The ability of antibiotics to prevent disease and death has deteriorated due to the development of antibiotic resistan species. Antibiotic resistance has been shown to be caused by misuse of antibiotics in both human and agricultural use. The overall objective of this research is to determine the anthropogenic influences on the development of tetracycline resistant genes and to aid in the development of best management practices to minimize the transport of tetracycline resistant genes in the environment. This study will determine if tetracycline resistant genes are present in subtropical watershed which is a located in E.C. Texas.
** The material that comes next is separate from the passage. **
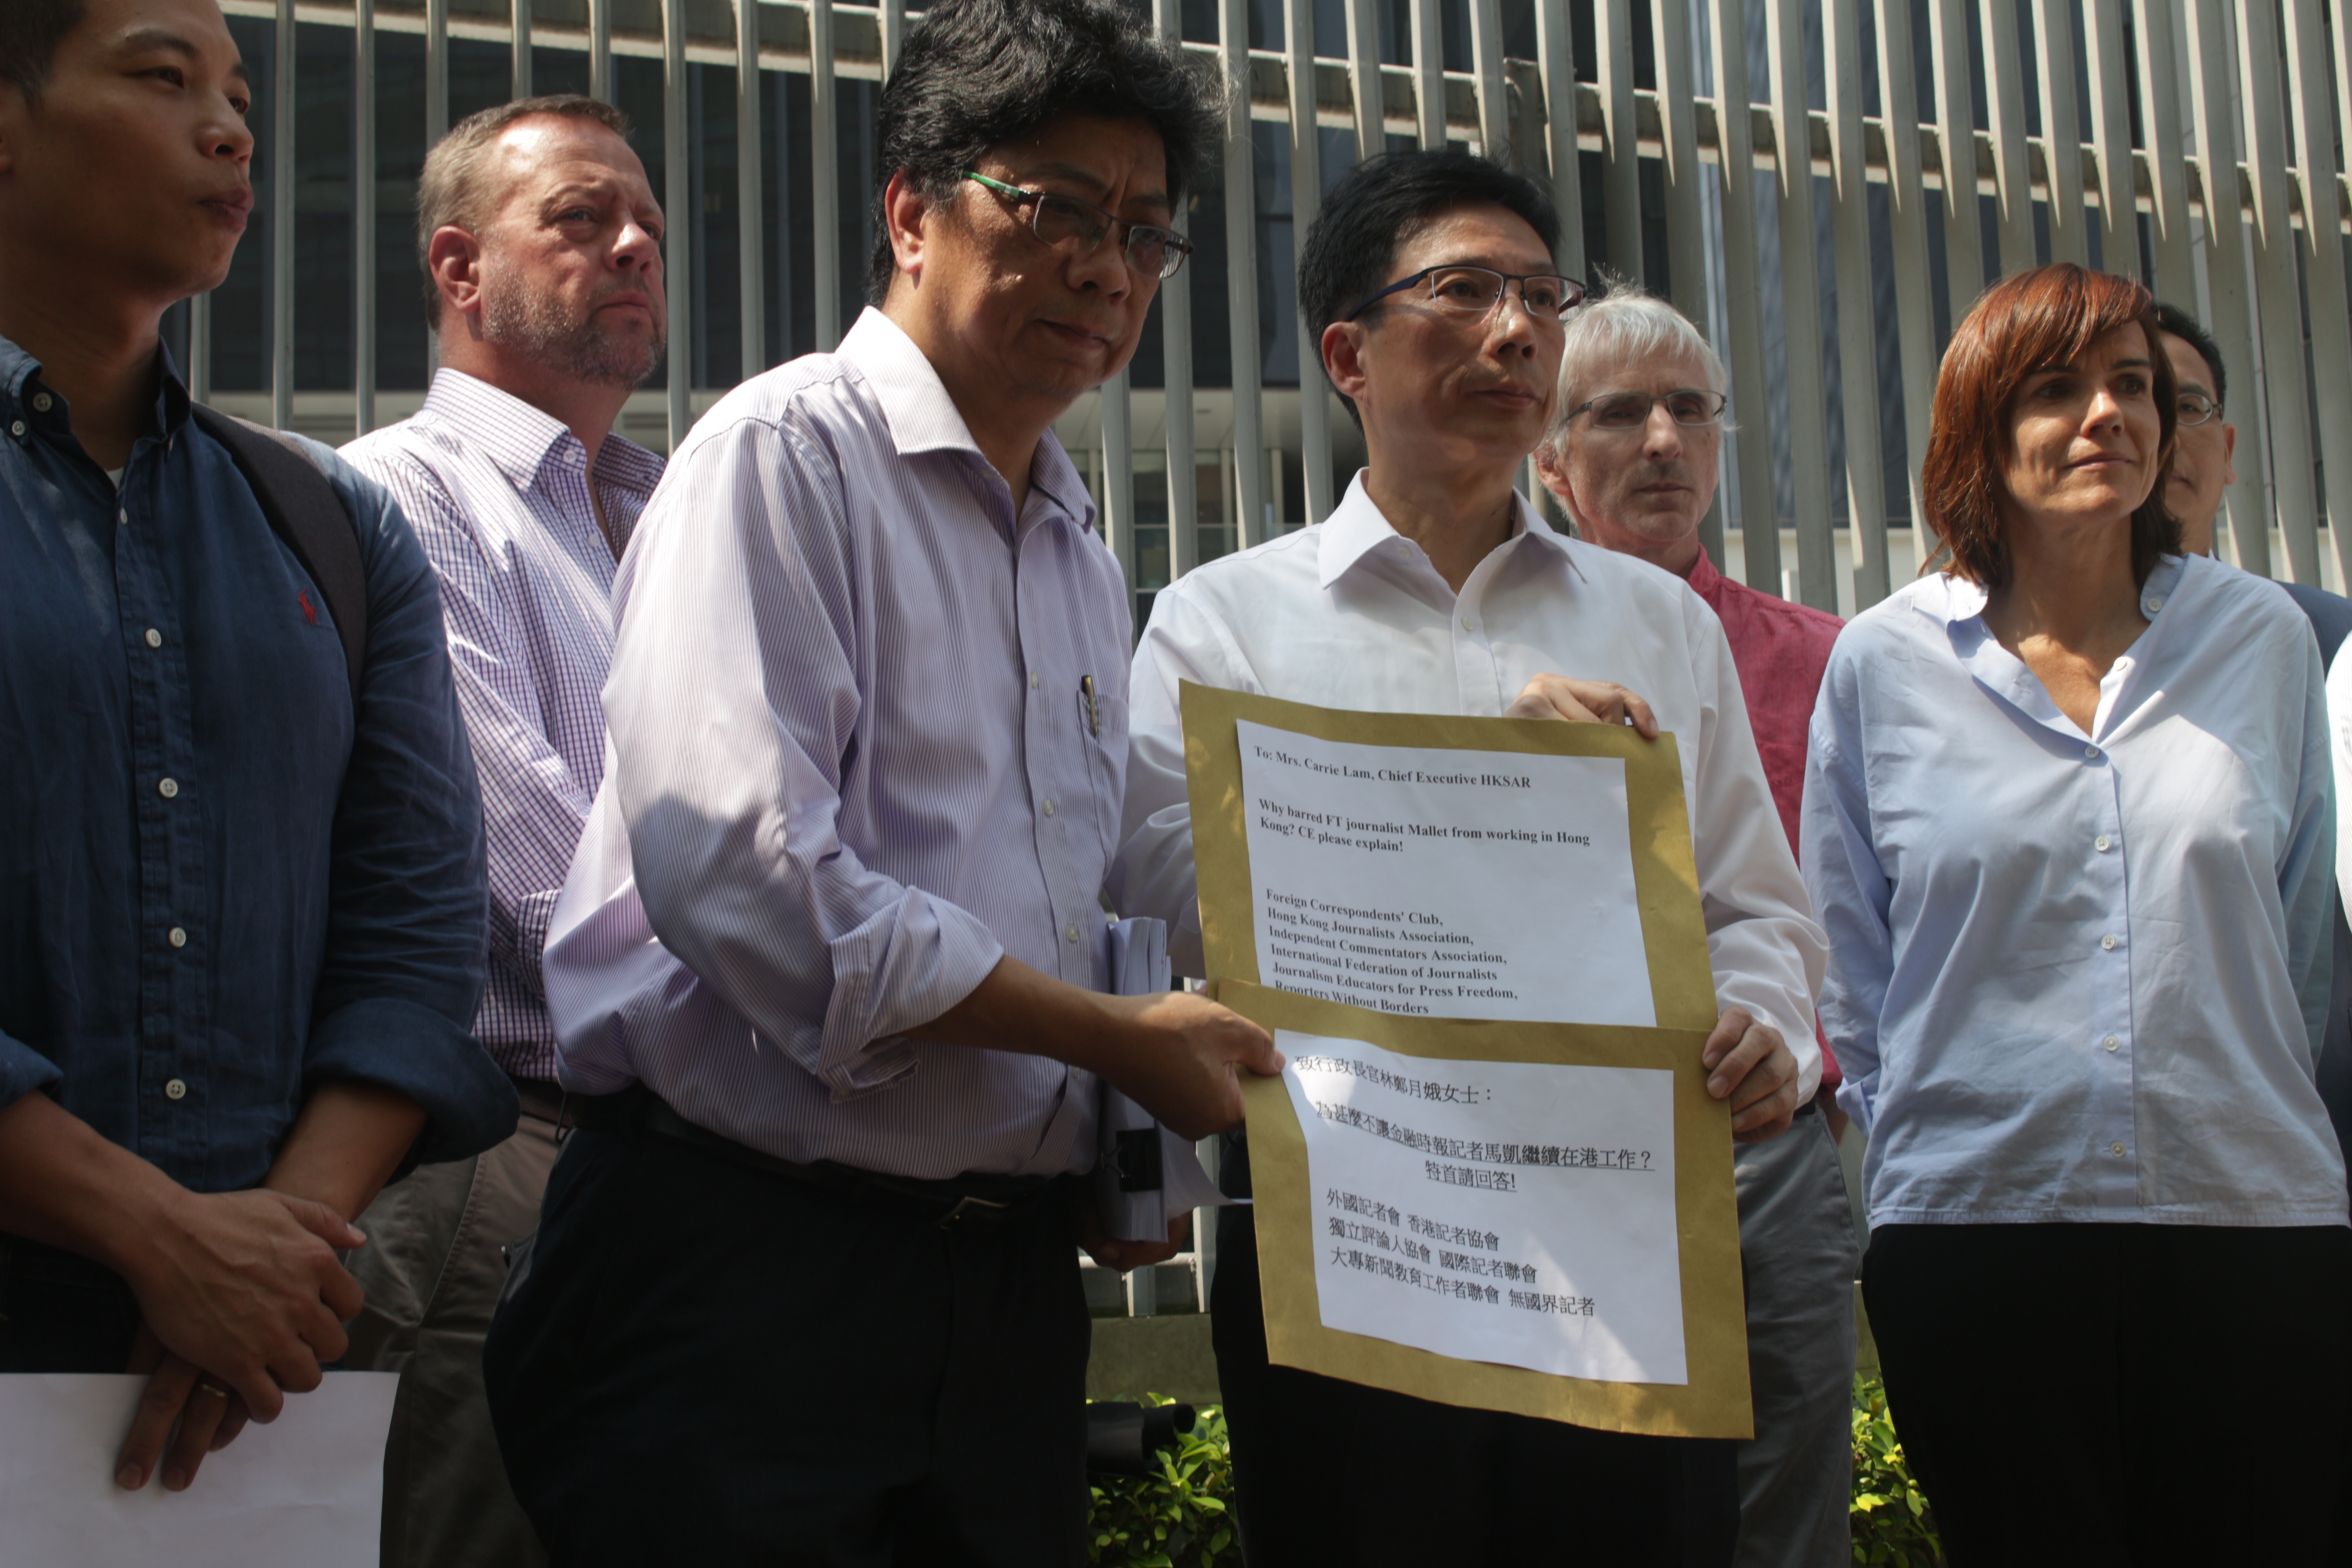 HKJA chairman Chris Yeung hands a petition bearing 15,000 signatures from people demanding the government explain why Victor Mallet’s visa was not renewed. Photo by Vicky Wong.

Five sites with different land uses along the stream were sampled and the presence or absence of 3 tetracycline resistant genes (tet(O), tet(W), tet (Q)) was determined using PCR, also the samples were plated on nutrient agar plates containing three treatments of tetracycline ( 0 mg/L, 14 mg/L, and 28 mg/L). Samples were taken five times during the summer/spring season and winter/fall. The data was analyzed using SAS to determine if there is a significant difference between land use, seasonality, and media. All five sites had positive growth on the mild tetracycline treatment and a majority of the sites tested positive at the high tetracycline treatment, indicating that antibiotic resistance is a problem for this watershed.